> [EXERCISE BRIEF] Write out each line of the material exactly as given, and drop the images.

> [SUPPLIED INFORMATION]
━━━━━━━━━━━━━━━━━━━━━━━━━━━━━━

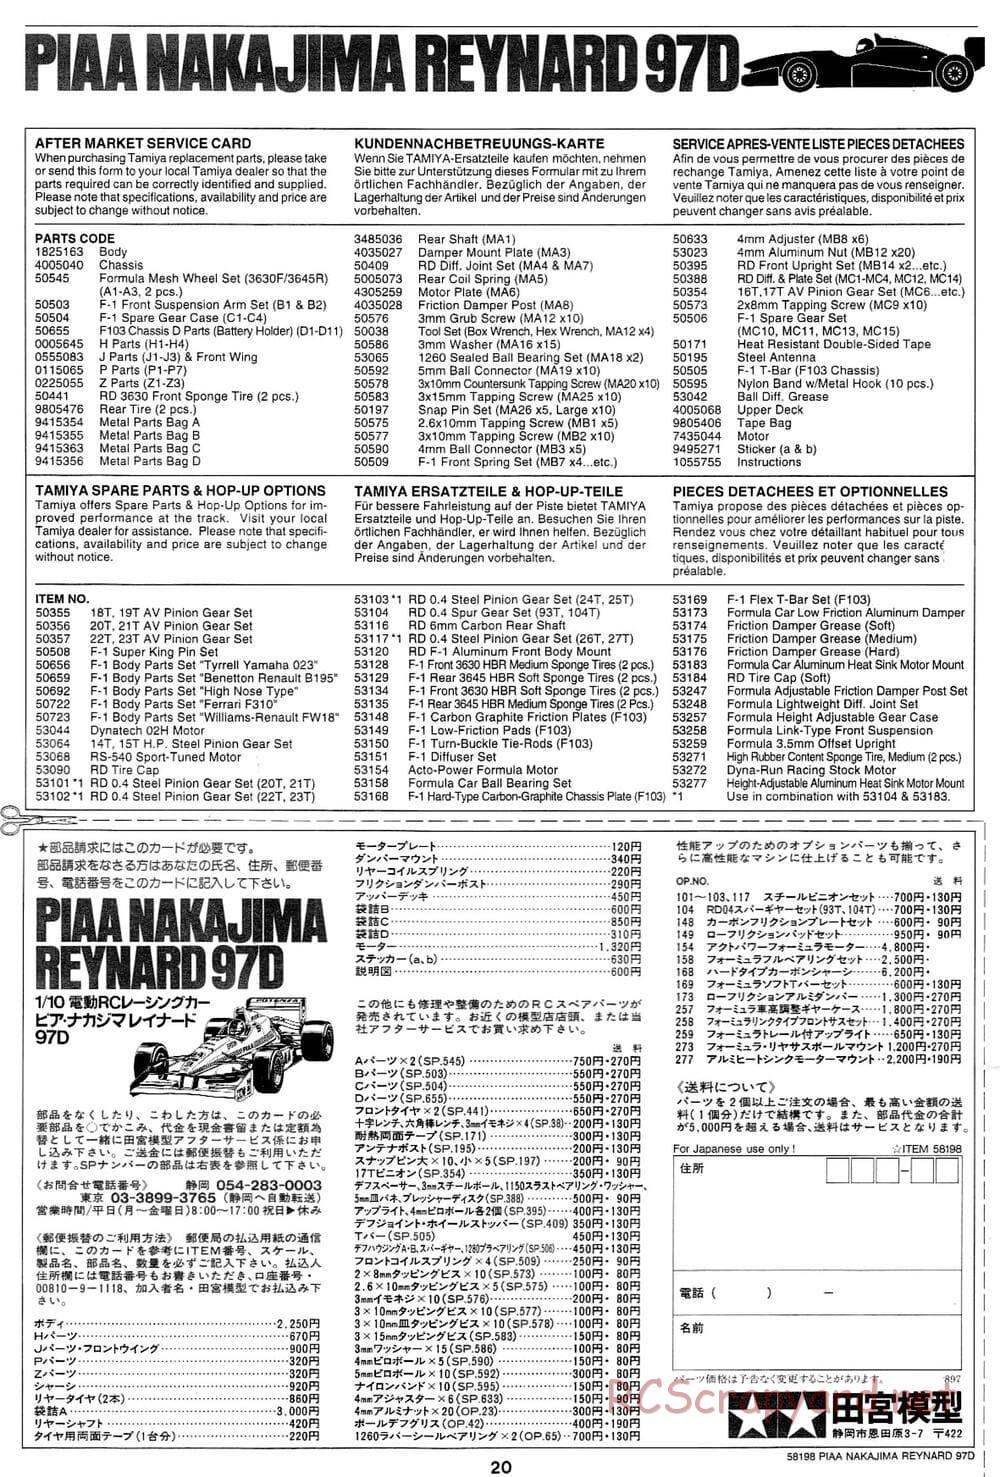 Tamiya - PIAA Nakajima Reynard 97D - F103 Chassis - Manuel - Page 20
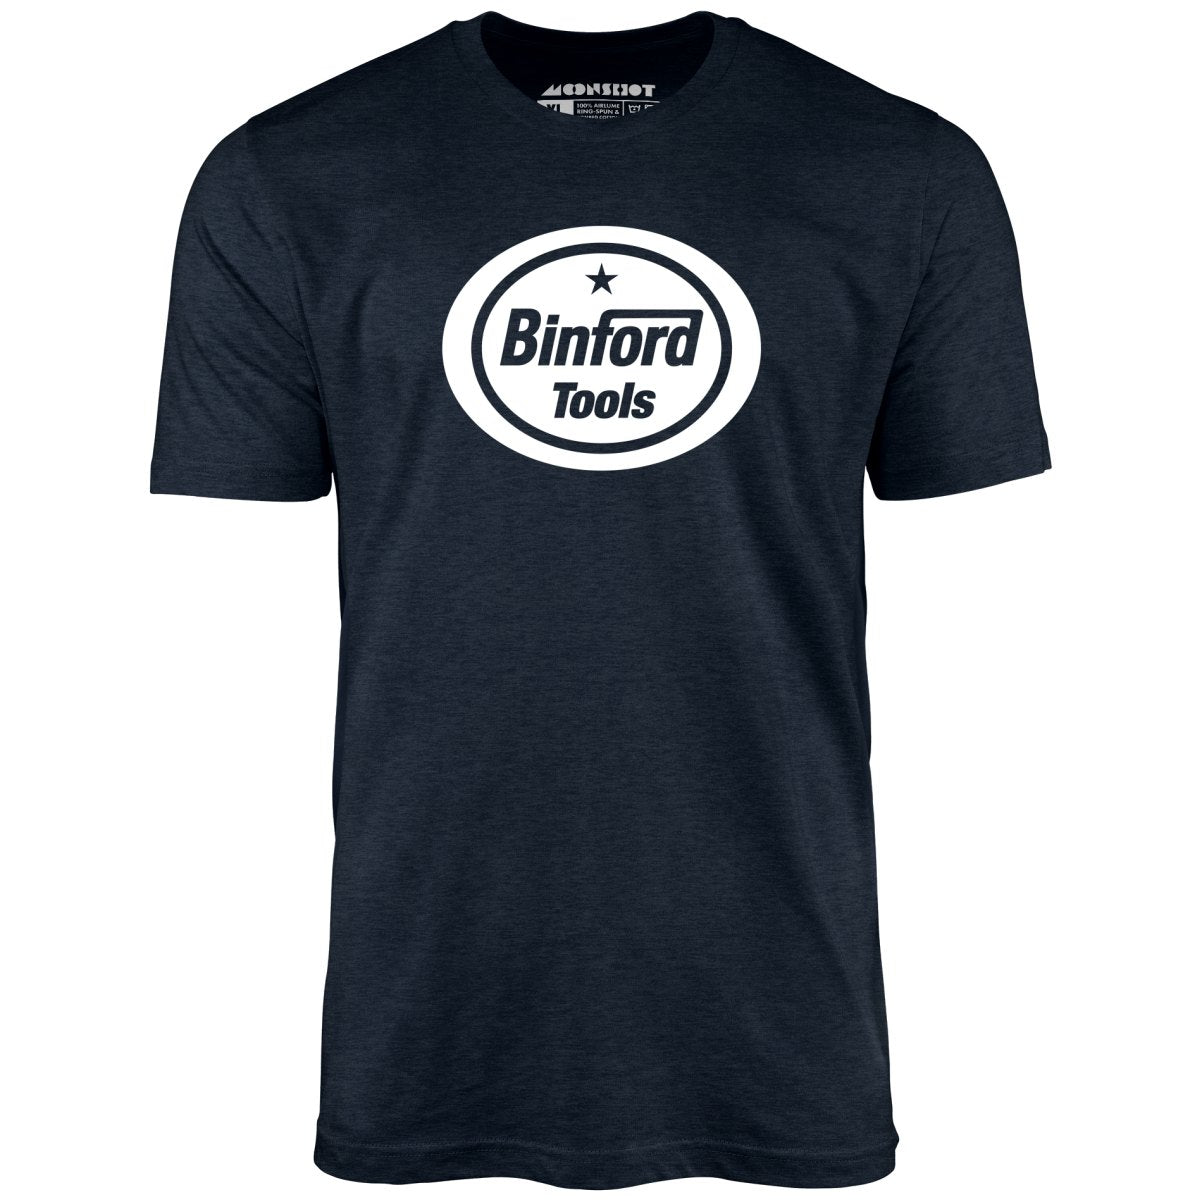 Binford Tools - Unisex T-Shirt
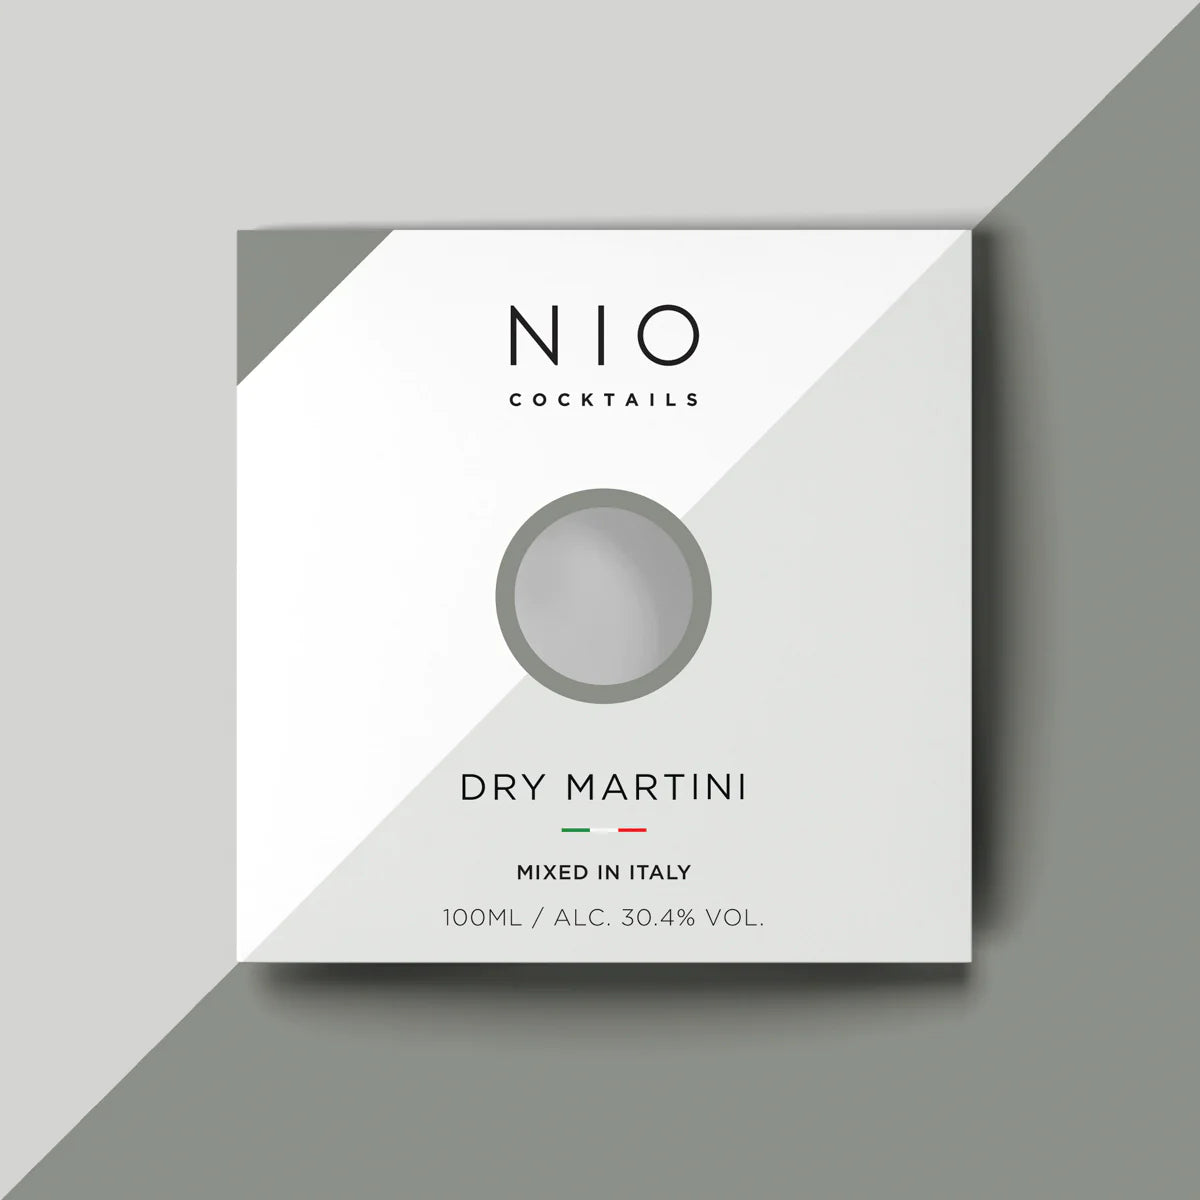 NIO cocktails dry martini skin

━━━━━━━━━━━━━━━━━━━━━━━━━━━━━━

> [ANSWER AREA]
 Tamiya - PIAA Nakajima Reynard 97D - F103 Chassis - Manuel - Page 20
 Binford Tools - Unisex T-Shirt
 NIO cocktails dry martini skin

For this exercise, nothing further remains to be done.